Exactly how epicatechin intensified the mouse muscles’ response to exercise is not yet known, but “it seems likely that muscle cells contain specific receptors for epicatechin,” said Dr. Francisco Villarreal, a professor of medicine at the University of California, San Diego, and one of the authors of the study, which was published last week in The Journal of Physiology. Epicatechin binds to the receptors and “induces an integrated response that includes structural and metabolic changes in skeletal and cardiac muscles resulting in greater endurance capacity,” the study concluded.
Mice are not people, though, and it remains to be seen whether the fitness-boosting effects of epicatechin will be identical in humans, especially since most of us would be getting the substance not in purified liquid form but in chocolate. “Processing destroys epicatechin,” Dr. Villarreal said, so heavily processed milk chocolate contains almost none of the flavonol, while cacao-rich dark chocolate has far more.
And even for those who adore dark chocolate, there is a catch. “A very small amount is probably enough,” Dr. Villarreal said. Extrapolating from his group’s mouse data, he said, five grams of dark chocolate daily, or just a sixth of an ounce — about half of one square of a typical chocolate bar — is probably a reasonable human dose if your aim is to intensify the effects of a workout.
Sadly, “more is not better,” he continued. “More could lessen or even undo” any benefits, he said, by overloading the muscles’ receptors or otherwise skewing the body’s response.

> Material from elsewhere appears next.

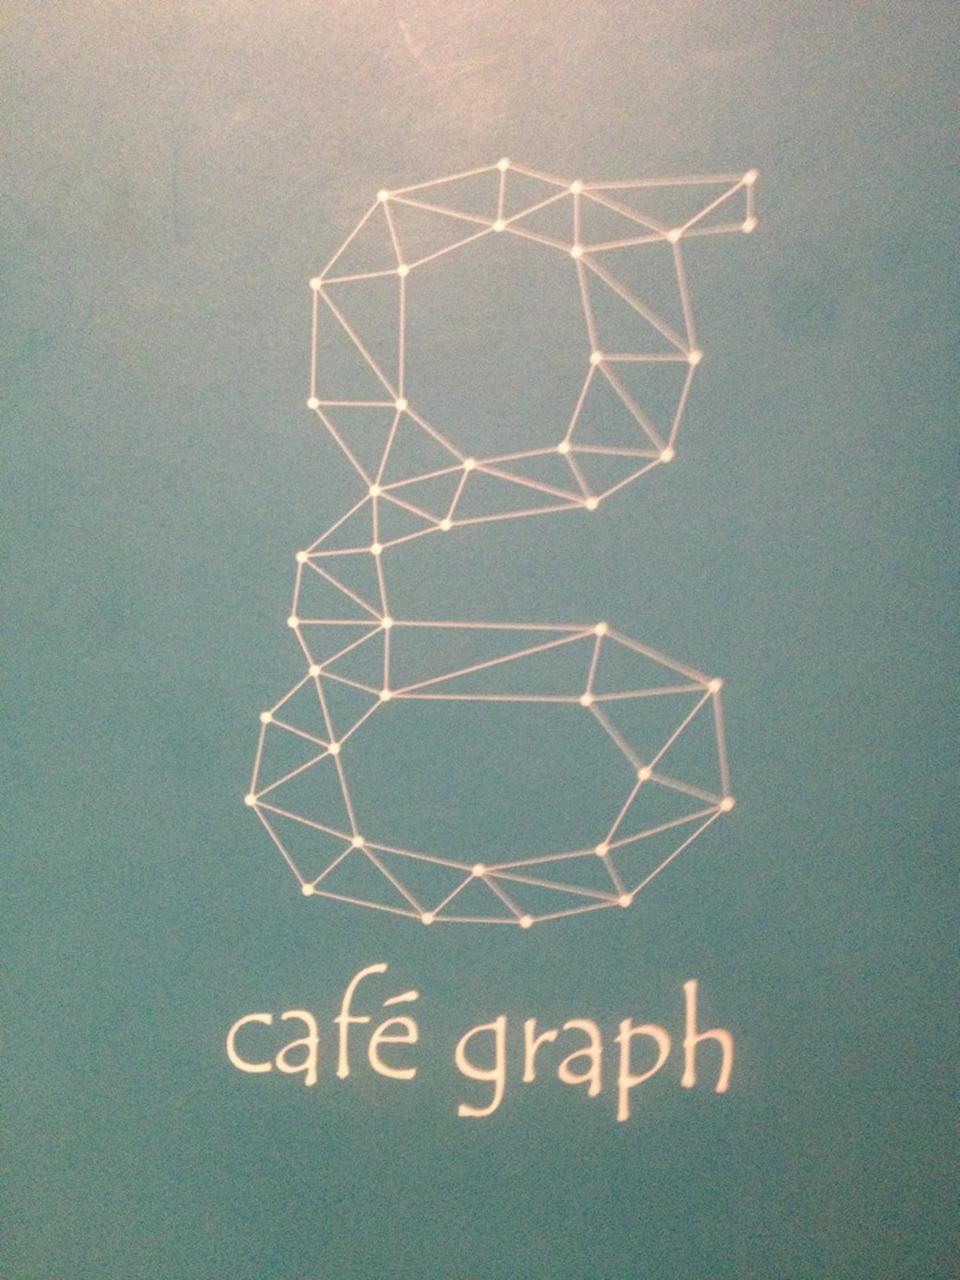 کافه گراف cafe graph 17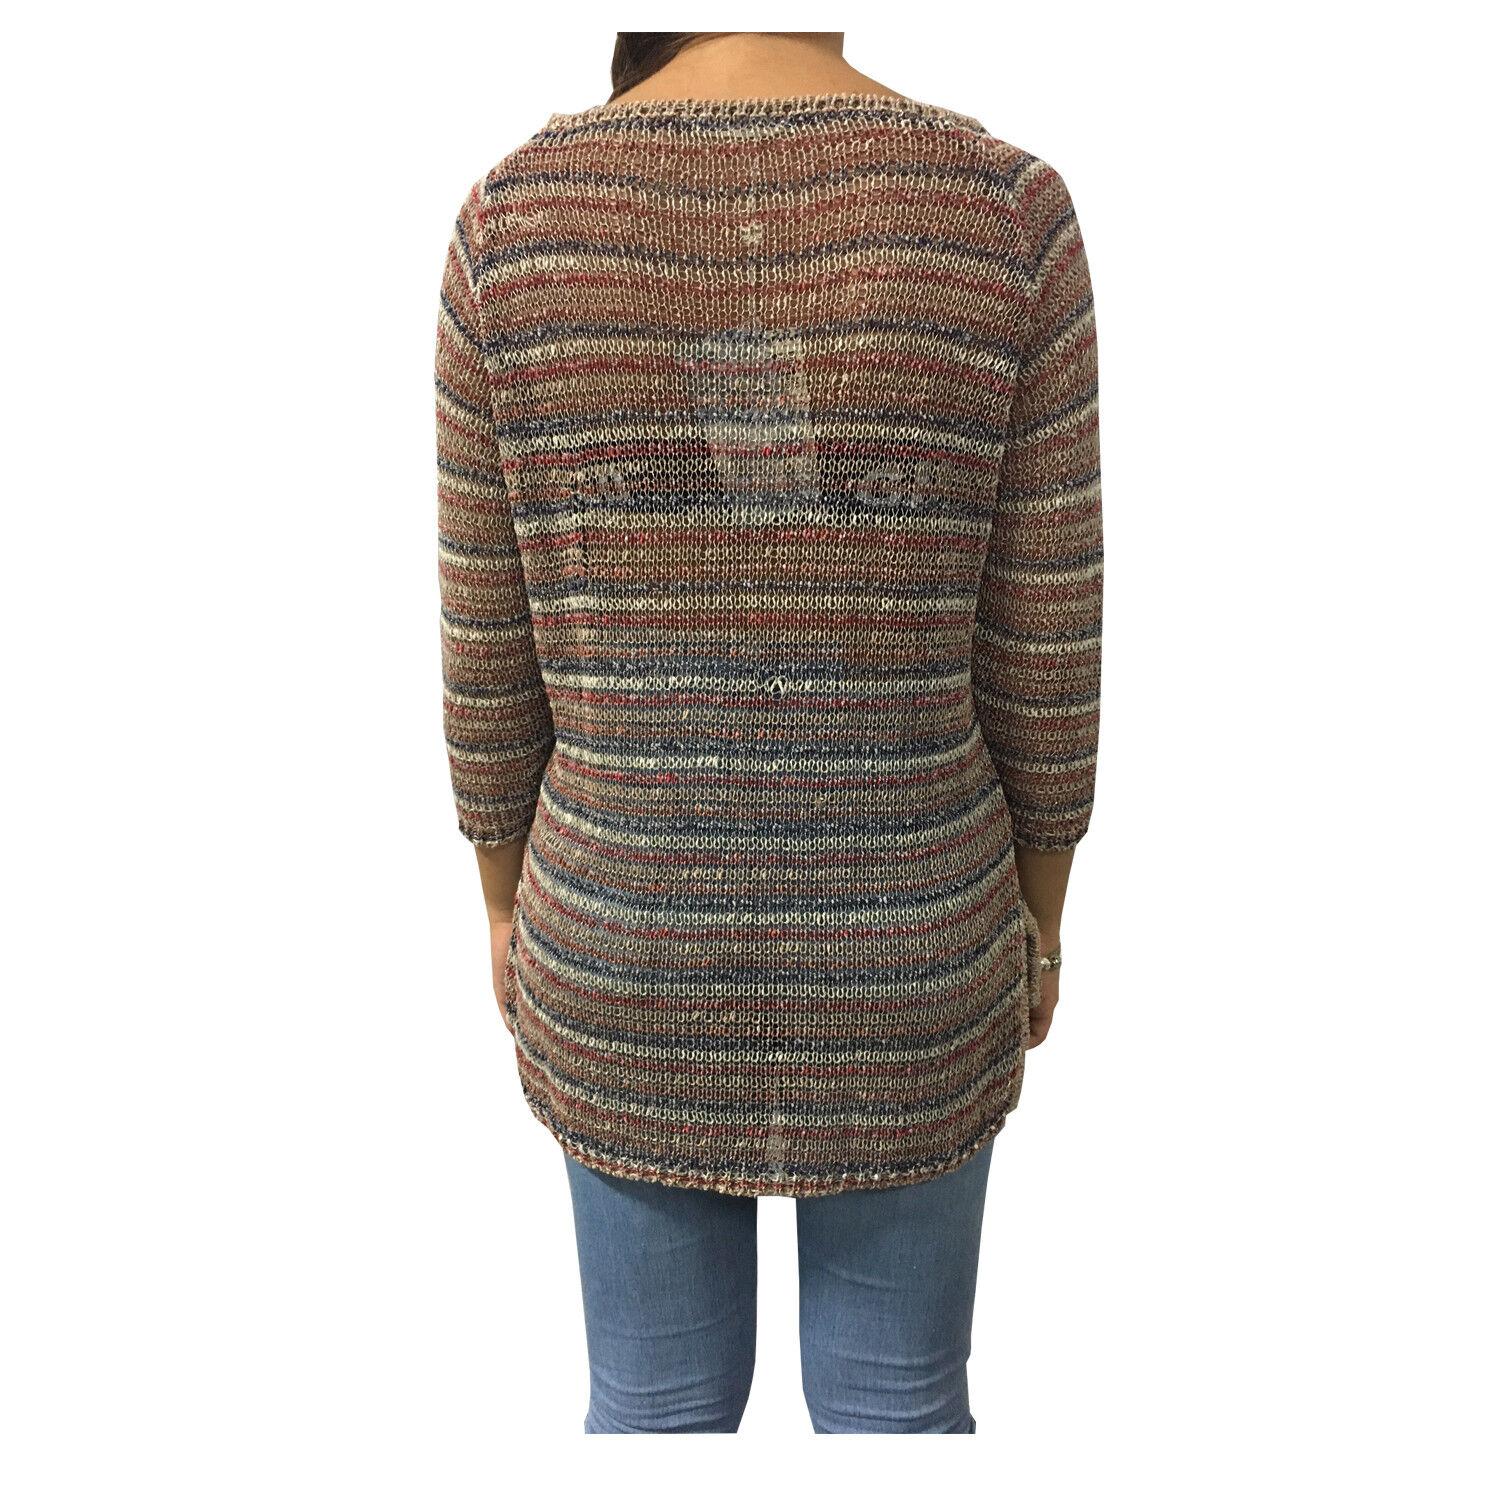 a9a7c1b03d ... GUITARE GUITARE GUITARE maglia donna multicolore mod IRACHE 56% cotone  34% poliestere 8%

But given human nature, microdoses of chocolate may be impractical, underscoring the difficulties of using nutrition to bolster fitness. Dr. Villarreal’s colleagues regularly filch from his cache of dark-chocolate bars, he said, and despite his admonitions, they invariably finish the entire thing. “I keep telling them that’s too much,” he said. “But it doesn’t matter. They want to eat the whole thing and,” no matter what the expert tells them, “they do.”
So don’t ever forget that training is not all about higher, stronger, faster…some days it is good to just have funnier, dirtier, and memorable. At least that is what I like.